Ø“Everything must be as simple as possible, but not simpler” said Einstein. Well, it turns out that types and relations are necessary and sufficient to represent data (see Darwen’s Predicates and Propositions: What a Database Really Is), which makes for the simplest manipulation and integrity. Anything else complicates matters, without adding any functionality or power. But for Staken things “work” only if one does not need to think much upfront—that’s too hard—regardless of the unnecessary complexity that piles up later.

 

ØThe reason XML proponents consider their contraption “simple” is because they normally think only of structure and ignore the main purpose of databases: manipulation and integrity.

 

ØOne of the main reasons hierarchic DBMSs were replaced by SQL DBMSs was the unbearable complexity of the former and the relative simplicity of the latter. The fact that even SQL, which is for from a true, complete and most simple relational implementation, was still preferred to hierarchic DBMSs, says about all.

 

“The technology world is a different place now then when hierarchical died and relational emerged. The glass walled room is dead and network effects rule the day. Technologies that embrace this and keep people from shooting them self in the foot will succeed those that don't will wither away.”

 

More psychobabble belonging, perhaps, in the rubber-walled room.

 

The technology world may be different now, but not because information needs have fundamentally changed so often as to justify the various fads proliferated by the industry, of which XML is but one: client-server, ODBMS, “universal DBMS”, “multi-dimensional DBMS”, “post-relational” DBMS, “object-relational DBMS”, all were promoted as the “new improved” way to do data management. If so, how come we still need a new technology every few years?

 

That’s because these fads never address fundamental data management needs, which are quite stable. Uneducated practitioners like Staken buy into fads even though they can’t even explain what those are and do.

 

“My personal opinion on this is that we need to avoid the comparison. I know it's difficult, often impossible but getting drawn into it is a recipe for failure. XML just doesn't have the mathematical model that relational theory is based on. It's about practical application which people like Mr. Pascal just don't care about. I'm hoping this changes over the next few years as more research is applied but right now I don't think our argument is particularly strong.”

 

Can Staken specify what exactly is not practical about database management being based on logic, which guarantees correctness, and how ignoring logic is practical? Or how set theory, which makes DBMS performance system- rather than user-optimizable, is not practical? Can he explain why reinventing the whole hierarchic database wheel—discarded decades ago—is more practical than a true implementation of the real solution, which the industry never did? Until he does—and he can’t—he is grinding water.

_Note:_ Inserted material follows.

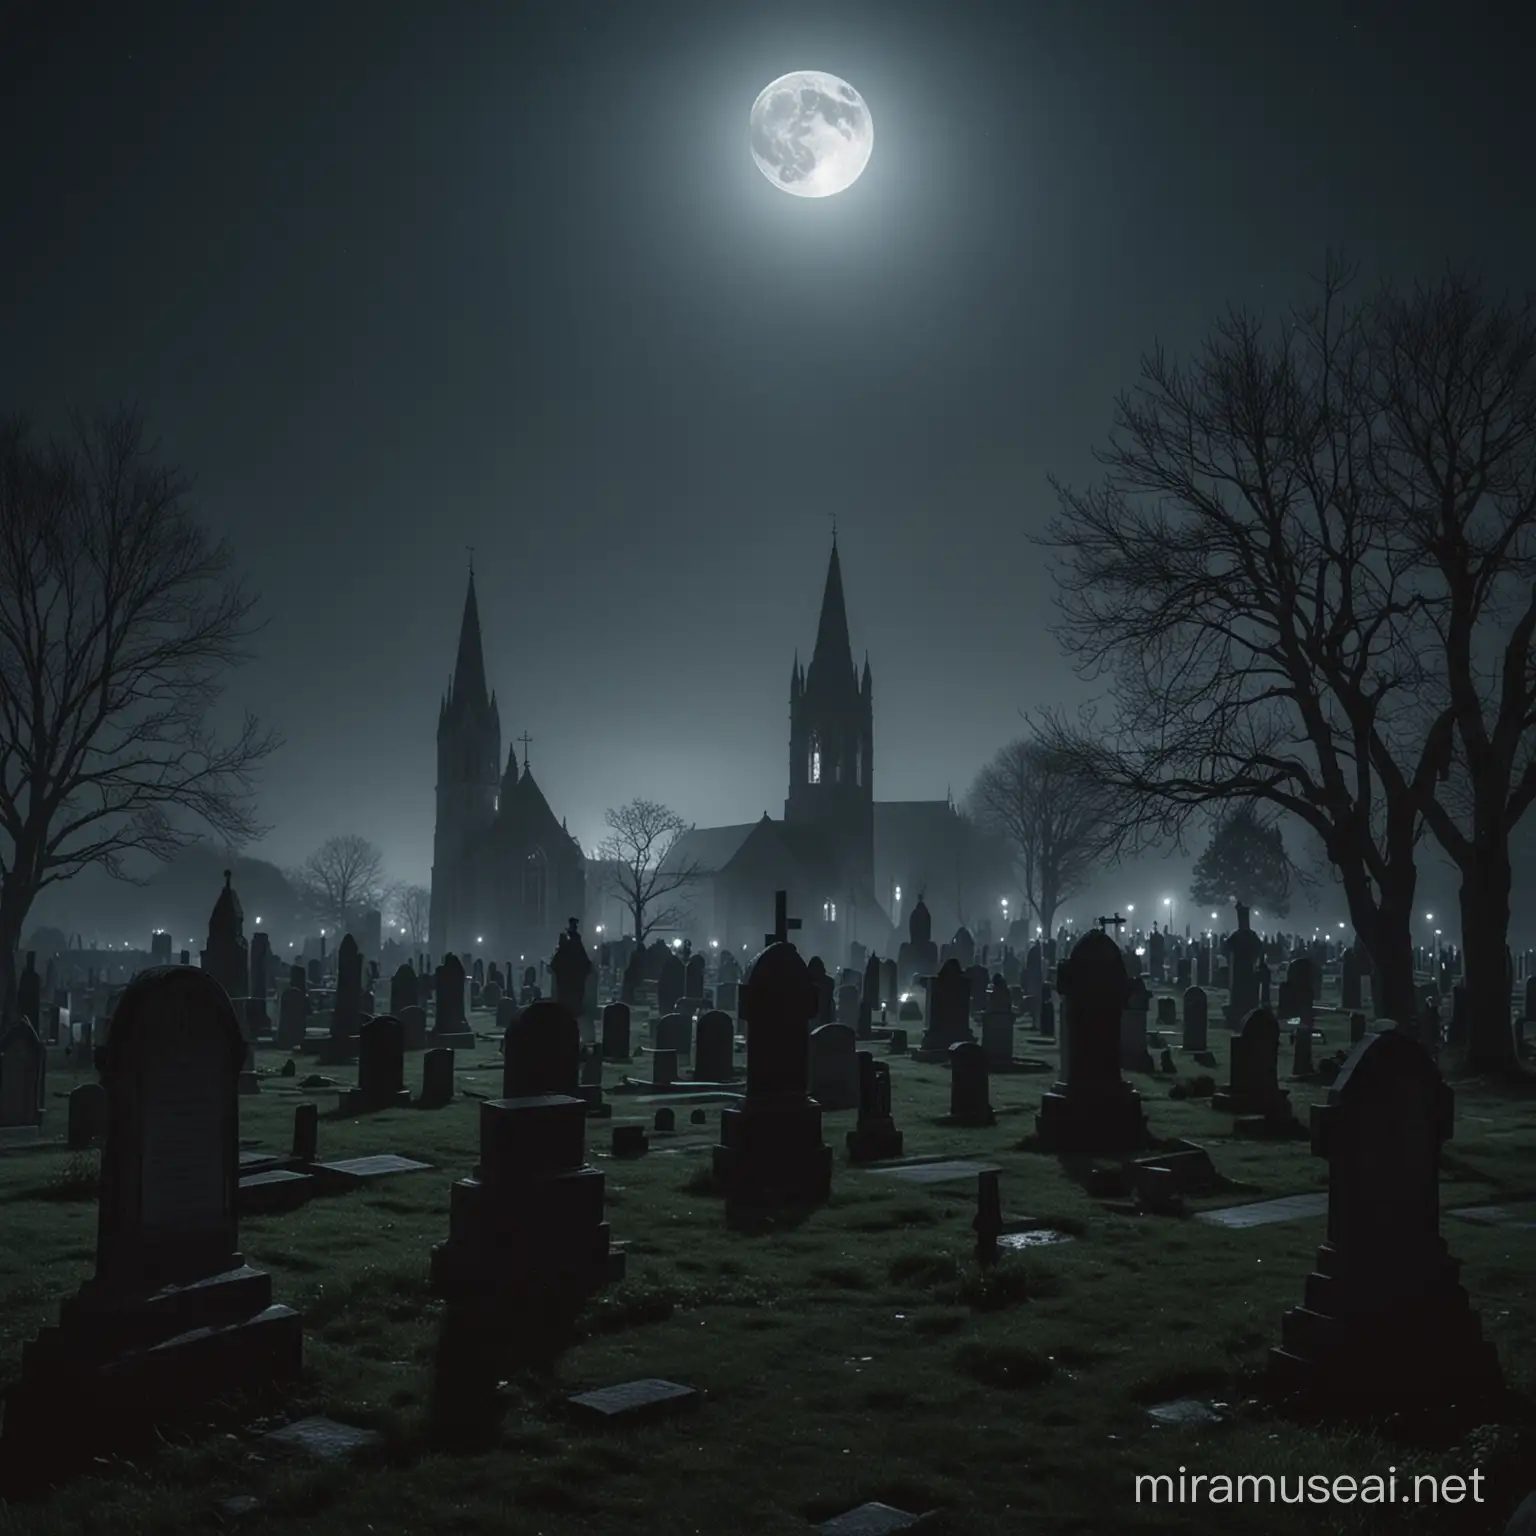 a cemetery in a dark ambience, with the lights on the gravestones, a medieval atmosphere and a church in the distance, with the moon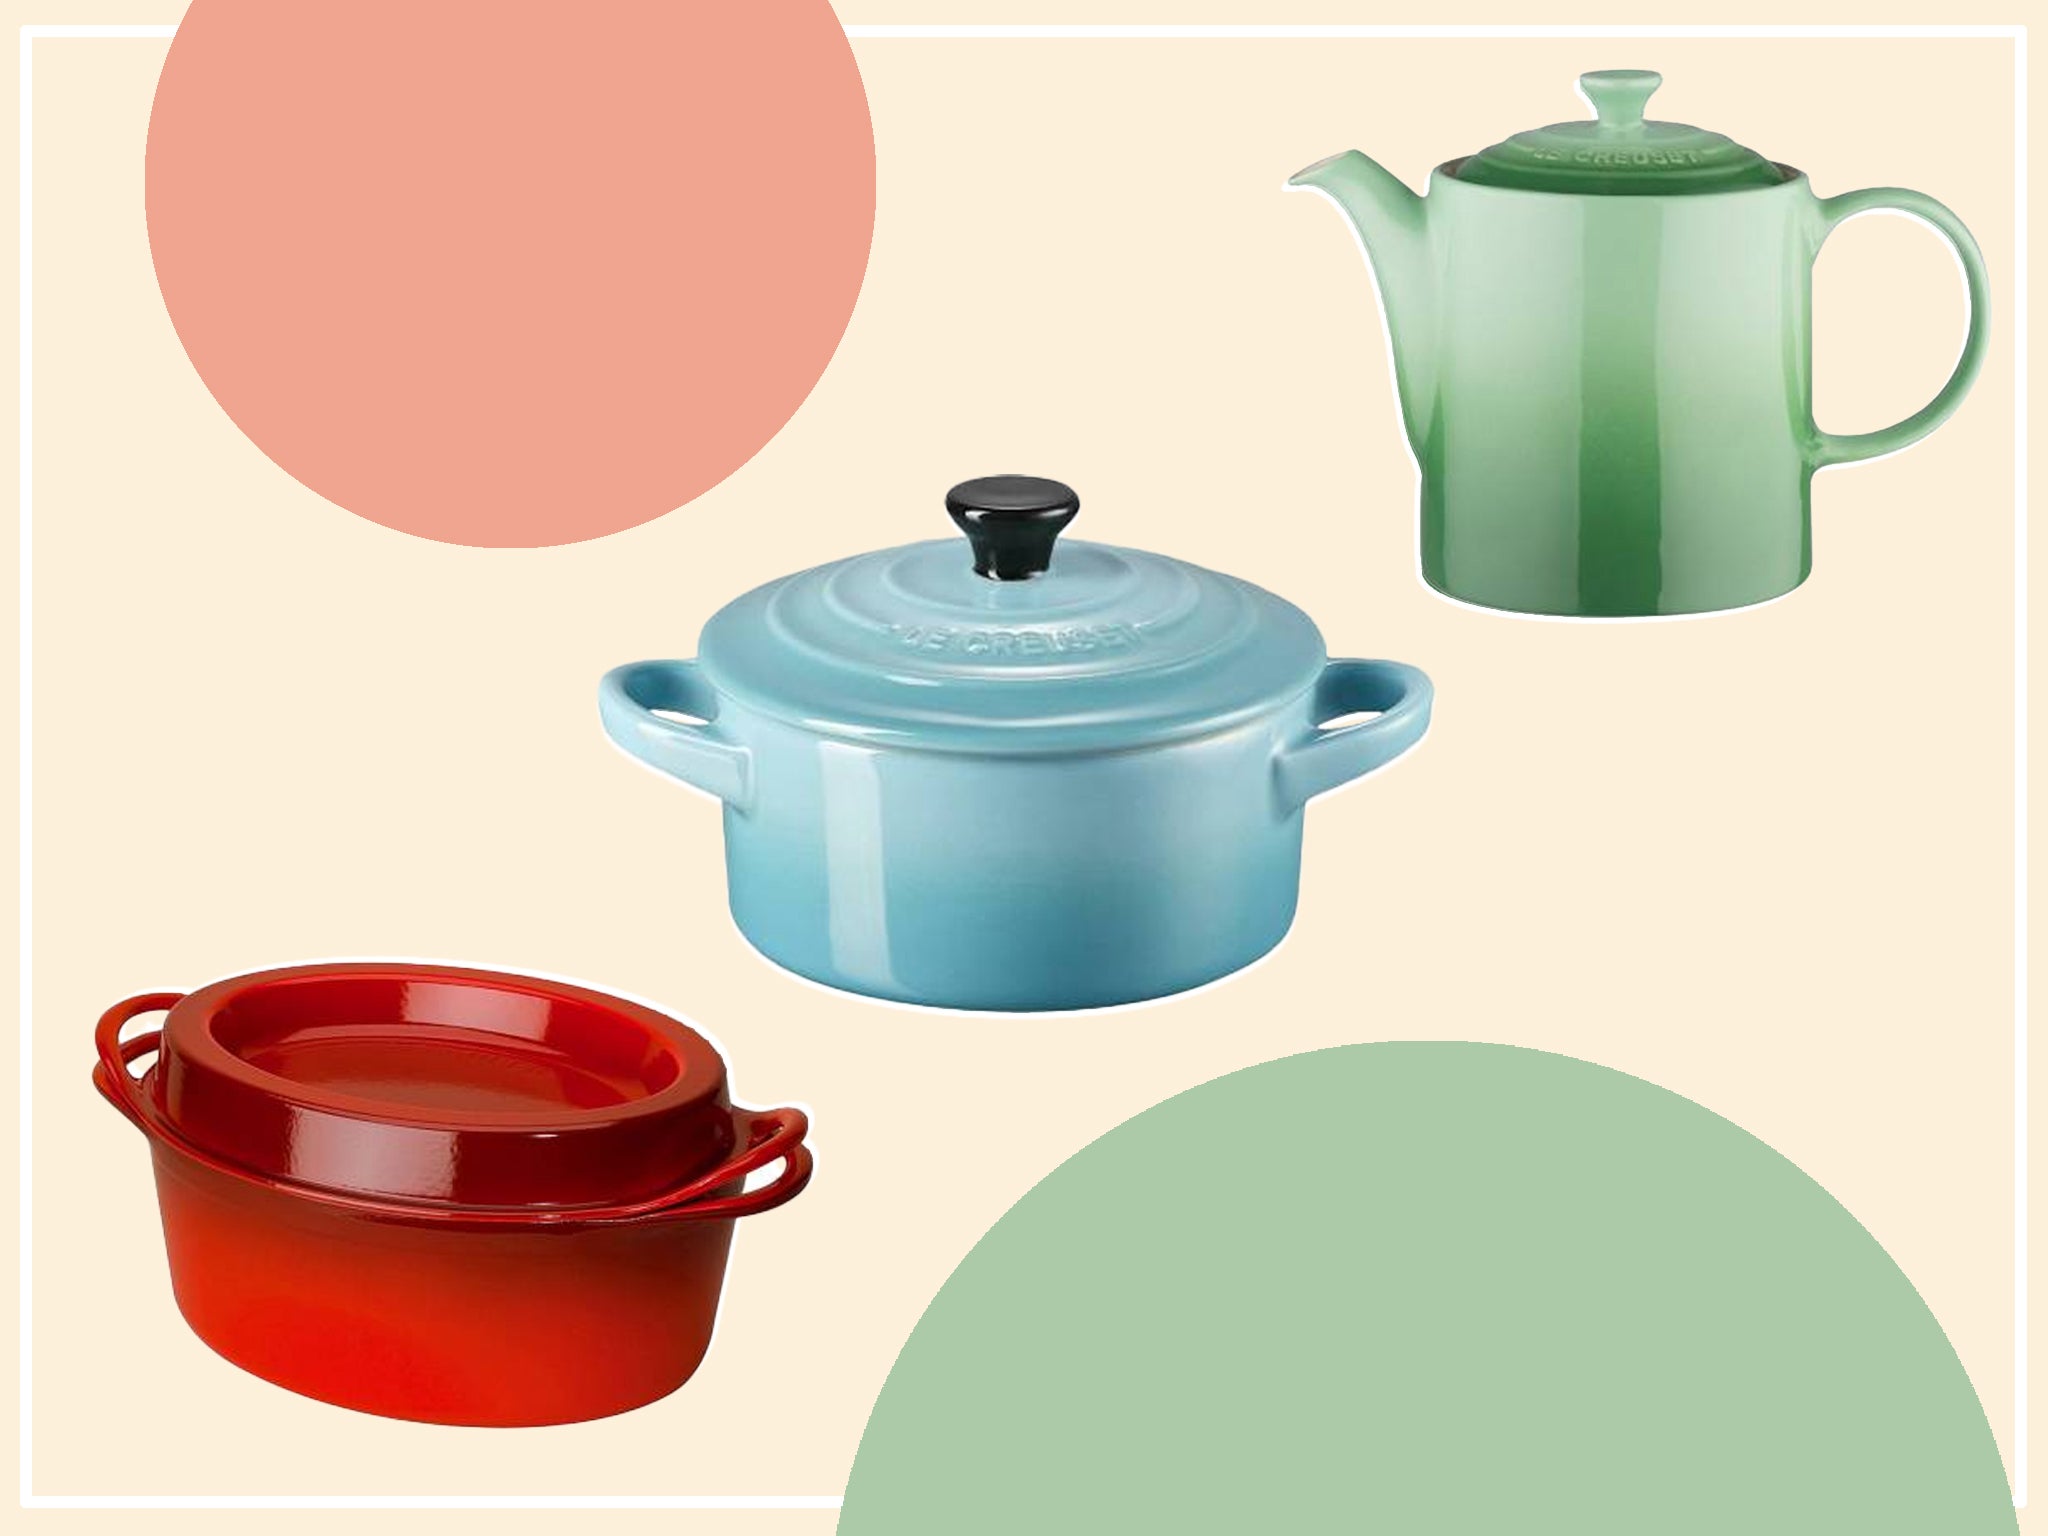 Le Creuset's most coveted cookware is up to 50% off right now

It’s Staken’s educational gap that causes him to distinguish between theory and the practical. "The gap between theory and practice is not as wide in theory as it is in practice" said somebody wise. The theory is there for practical reasons: it guarantees correctness and maximum simplicity. Would Staken say that bridge builders should ignore physical theories for practical reasons?

 

“I see native XML databases as enablers for new application types. I want to see them used in places where databases typically weren't used before. Going head to head against relational technology is a pretty foolish thing for any vendor to do. There are all kinds of applications around where the capabilities of an XML database are very desirable but I don't think enterprise data management is one of them (at least not yet). We want to take things that were never considered data because of the complexity of their structure and turn them into data. Put the database onto the network, enable new peer-to-peer style applications, enable mobile applications. What exactly the applications are isn't for me to determine but with all the XML flying around the need is there.”

 

Sigh. More mindless babble. It is difficult to say anything meaningful about relational and XML technologies when you have no idea what either of them is and does.

 

“And relational databases make you care about the table that the data is stored in. If you change your table structure your queries are just as likely to break. Adding elements shouldn't cause a problem, changing nesting will cause a problem but I don't consider that any different then if you were to rename or further normalize a table. Of course if your XPath looks something like /path/data[2] then you do have a problem. You also have facilities in XPath that do allow queries regardless of the structure it's all in how you use the tools. Maybe that is the problem, XPath will give you the power to shoot your self in the foot if you want...”

 

What on earth is this about? How does one respond to such? One doesn’t.

 

“I think a schema versioning facility might be an interesting feature too. Kind of like views, but at a lower level. This is also where the increasing use of tools like XSL-T or its fraternal twin XQuery will be more important then direct DOM manipulation.”

 

Schema is “kind of views”? “Lower level”? If I were not an atheist “Help us Lord” would be warranted.

 

“Obviously in the XML world there is a strong tendency toward linking to solve these kinds of problems. But if you combine the denormalization in XML with minimal joins and careful use of linking I think you get the best of all worlds and an extremely powerful toolset to optimize performance to best suit your needs. If you normalize your data like you do in the relational world though there is no point to using XML. It's only when you skip 1nf and 2nf and go straight to careful 3nf that you get an XML data model that will take advantage of these benefits. Cross collection joins or linking facilities are essential here.”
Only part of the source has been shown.